Finally, a 3-load RATA, at the low-, mid-, and high-load levels,
determined under section 6.5.2.1 of appendix A to this part, shall
be performed at least once in every period of five consecutive
calendar years, and a 3-load RATA is required whenever a flow
monitor is re-linearized, i.e., when one or more of its polynomial
coefficients are changed. For all multi-level flow audits, the audit
points at adjacent load levels (e.g., mid and high) shall be
separated by no less than 25.0 percent of the ``range of
operation,'' as defined in section 6.5.2.1 of appendix A to this
part.
2.3.1.4 Number of RATA Attempts
The owner or operator may perform as many RATA attempts as are
necessary to achieve the desired relative accuracy test audit
frequencies and/or bias adjustment factors. However, the data
validation procedures in section 2.3.2 of this appendix must be
followed.
2.3.2 Data Validation
(a) A routine quality assurance RATA shall not commence if the
monitoring system is operating out-of-control with respect to any of
the daily and quarterly quality assurance assessments required by
sections 2.1 and 2.2 of this appendix or with respect to the
additional calibration error test requirements in section 2.1.3 of
this appendix.
(b) All RATAs must be done hands-off, as follows. No adjustment
of the monitor's calibration is permitted prior to or during the
RATA test period, other than the adjustments described in section
2.1.3 of this appendix. The non-routine calibration adjustments
described in section 2.1.3 of this appendix are permitted only prior
to the RATA, not during the test period. For 2-level and 3-level
flow monitor audits, no linearization of the monitor is permitted
in-between load levels.
(c) For single-load RATAs, if a daily calibration error test is
failed during a RATA test period, prior to completing the test, the
RATA is invalidated and must be repeated. Data from the monitor are
invalidated prospectively from the hour of the failed calibration
error test until the hour of completion of a subsequent successful
RATA. The subsequent RATA shall not be re-commenced until the
monitor has successfully passed a calibration error test in
accordance with section 2.1.3 of this appendix. For multiple-load
flow RATAs, each load level is treated as a separate RATA (i.e.,
when a calibration error test is failed prior to completing the RATA
at a particular load level, only the RATA at that load level is
invalidated; the results of any previously-passed RATA(s) at the
other load level(s) are unaffected).
(d) If a RATA is failed (that is, if the relative accuracy
exceeds the applicable
[[Page 28173]]
specification in section 3.3 of appendix A to this part) or if the
RATA is aborted prior to completion due to a problem with the CEMS,
then all emission data from the CEMS are invalidated prospectively
from the hour in which the RATA is failed or aborted. Data from the
CEMS remain invalid until the hour of completion of a subsequent
RATA that meets the applicable specification in section 3.3 of
appendix A to this part. Note that a monitoring system shall not be
considered out-of-control when a RATA is aborted for a reason other
than monitoring system malfunction (see paragraph (g) of this
section).
(e) For a 2-level or 3-level flow RATA, if, at any load level, a
RATA is failed or aborted due to a problem with the CEMS, the RATA
at that load level must be repeated. Data from the flow monitor are
invalidated from the hour in which the test is failed or aborted and
remain invalid until the successful completion of a RATA at the
failed load level. RATA(s) that were previously passed at the other
load level(s) do not have to be repeated unless the flow monitor
must be re-linearized following the failed or aborted test. If the
monitor is re-linearized, a subsequent 3-load RATA is required.
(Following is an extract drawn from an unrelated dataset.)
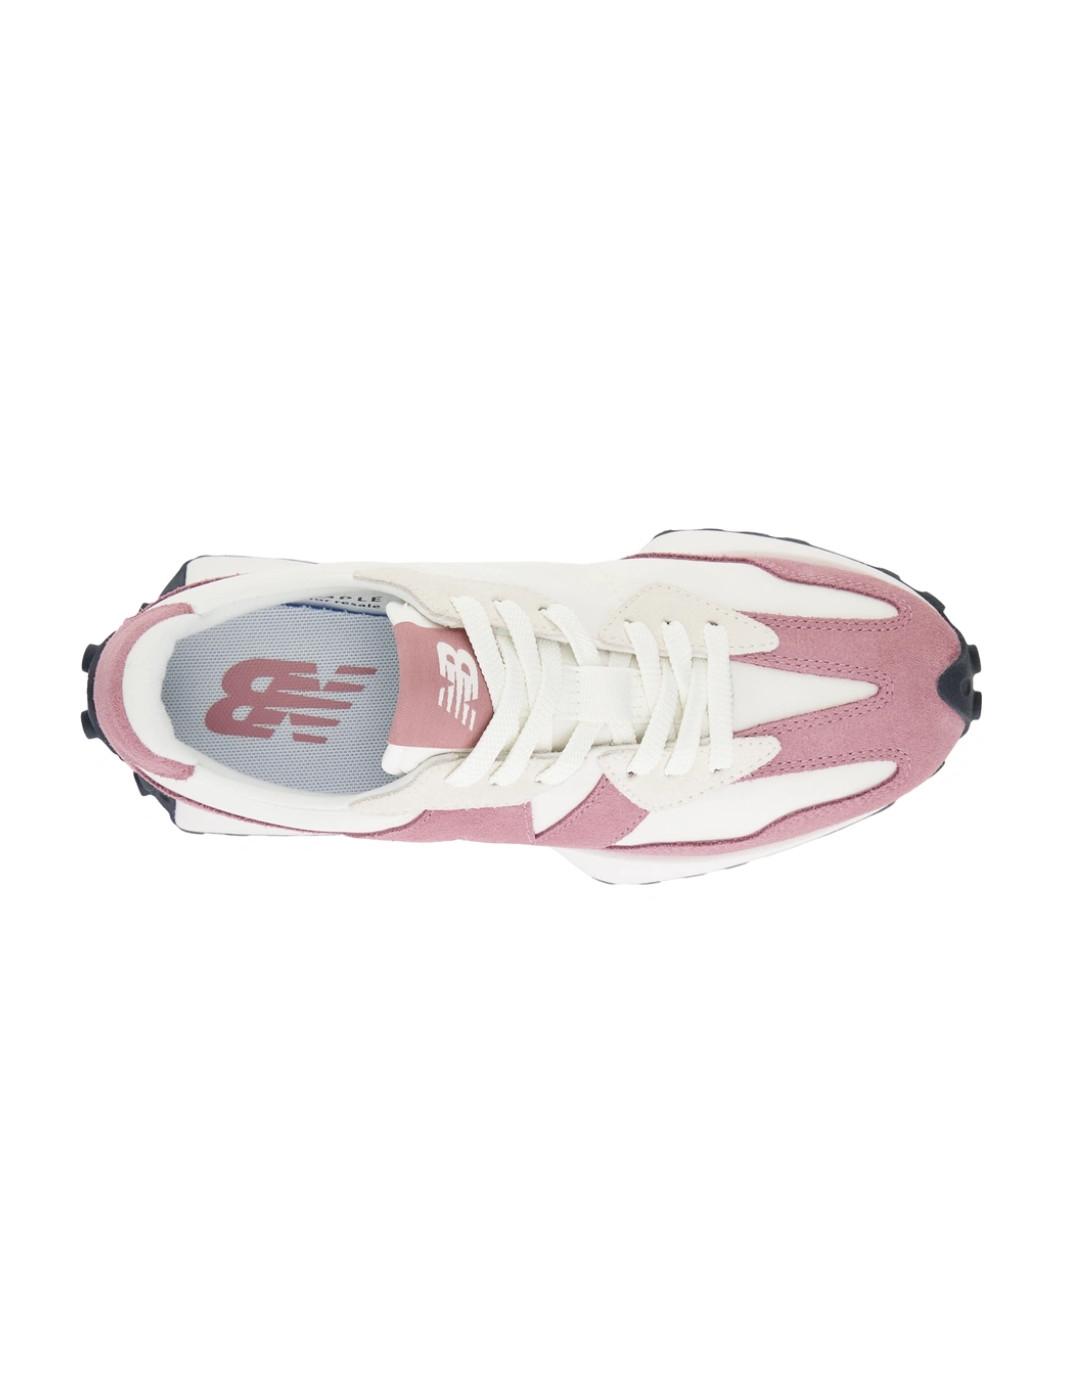 Zapatillas New Balance WS327MB rosa y blanco para mujer

(f) For a CO2 pollutant concentration monitor (or an
O2 monitor used to measure CO2 emissions)
which also serves as the diluent component in a NOX-
diluent (or SO2-diluent) monitoring system, if the
CO2 (or O2) RATA is failed, then both the
CO2 (or O2) monitor and the associated
NOX-diluent (or SO2-diluent) system are
considered out-of-control until the hour of completion of subsequent
hands-off RATAs which demonstrate that both systems have met the
applicable relative accuracy specifications in sections 3.3.2 and
3.3.3 of appendix A to this part. The out-of-control period for each
monitoring system begins with the hour of completion of the failed
CO2 (or O2) monitor RATA.
(g) For each monitoring system, report the results of all
completed and partial RATAs that affect data validation (i.e., all
completed, passed RATAs; all completed, failed RATA; and all RATAs
aborted due to a problem with the CEMS) in the quarterly report
required under Sec. 75.64. Note that RATA attempts that are aborted
or invalidated due to problems with the reference method or due to
operational problems with the affected unit(s) need not be reported.
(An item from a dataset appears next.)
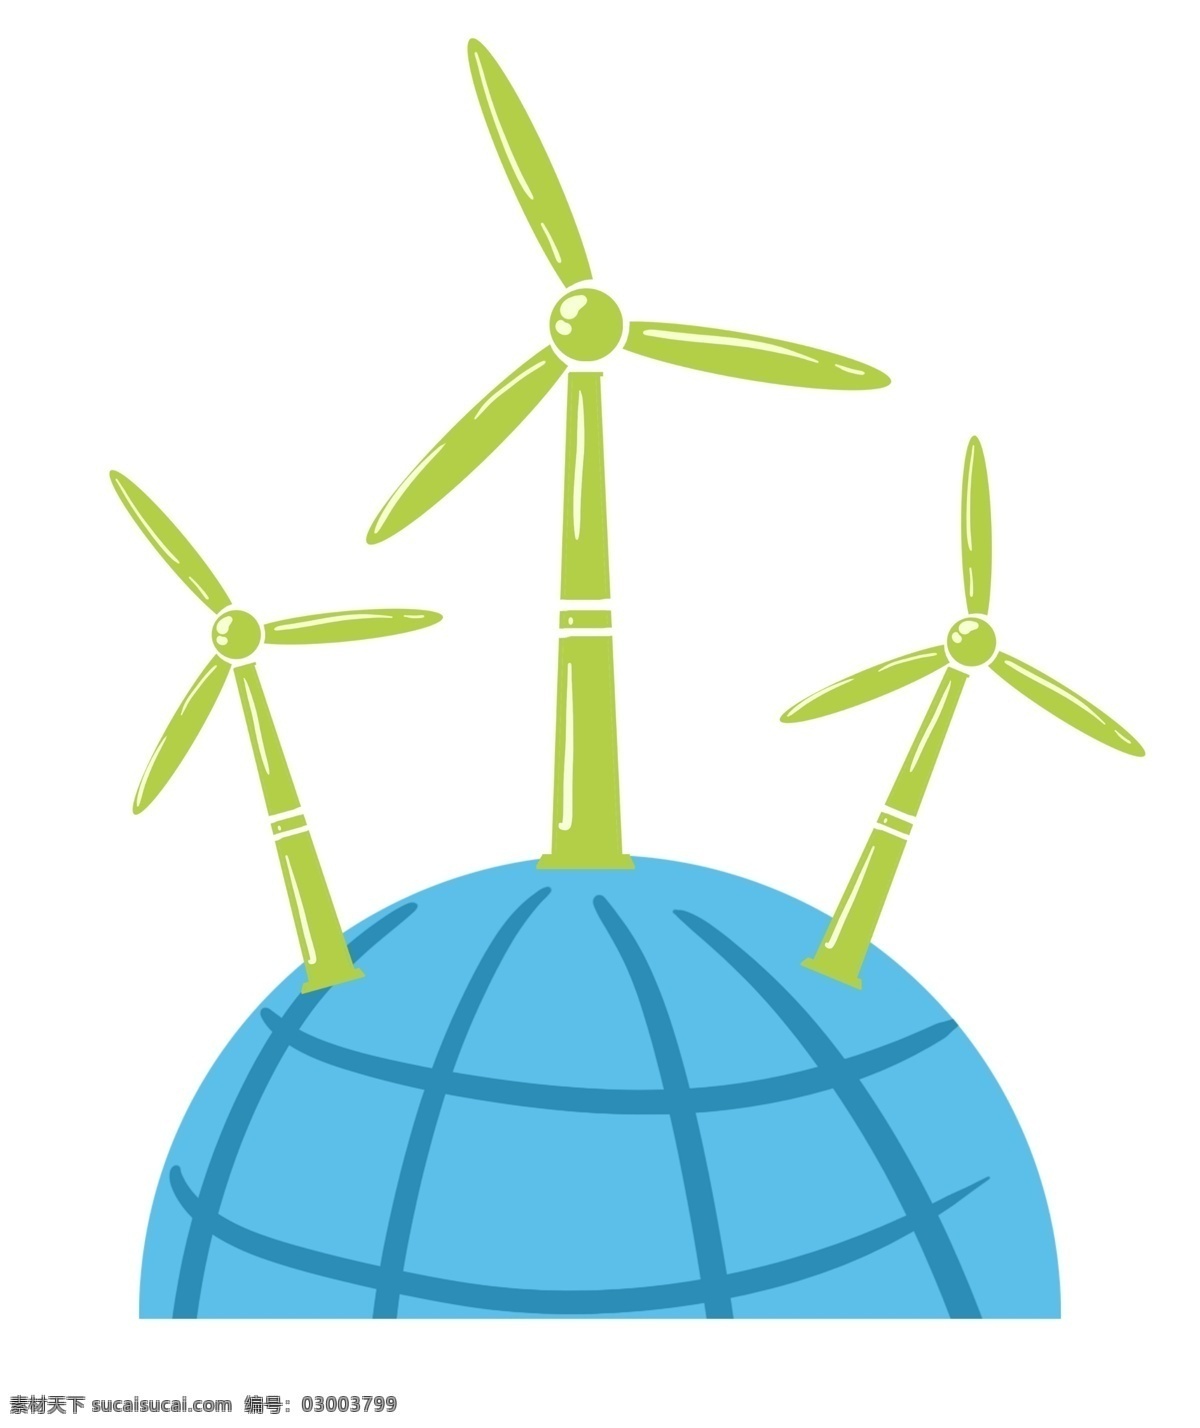 地球 上 风车 插图 立体风车 绿色风车 三个风车 蓝色地球 卡通地球 装饰地球 环保地球 保护环境

Such runs do not affect the validation status of emission data
recorded by the CEMS. In addition, aborted RATA attempts that are
part of the process of optimizing a monitoring system's performance
do not have to be reported, provided that, in the period extending
from the hour in which the test is aborted to the hour of
commencement of the next RATA attempt: (1) no corrective maintenance
or reprogramming of the monitoring system is done; and (2) only the
calibration adjustments allowed under section 2.1.3 of this appendix
are made. However, a record of all RATAs and RATA attempts (whether
reported or not) must be kept on-site as part of the official test
log for each monitoring system.
(h) Each time that a hands-off RATA of an SO2
pollutant concentration monitor, a NOX-diluent monitoring
system, or a flow monitor is successfully completed, perform a bias
test in accordance with section 7.6.4 of appendix A to this part.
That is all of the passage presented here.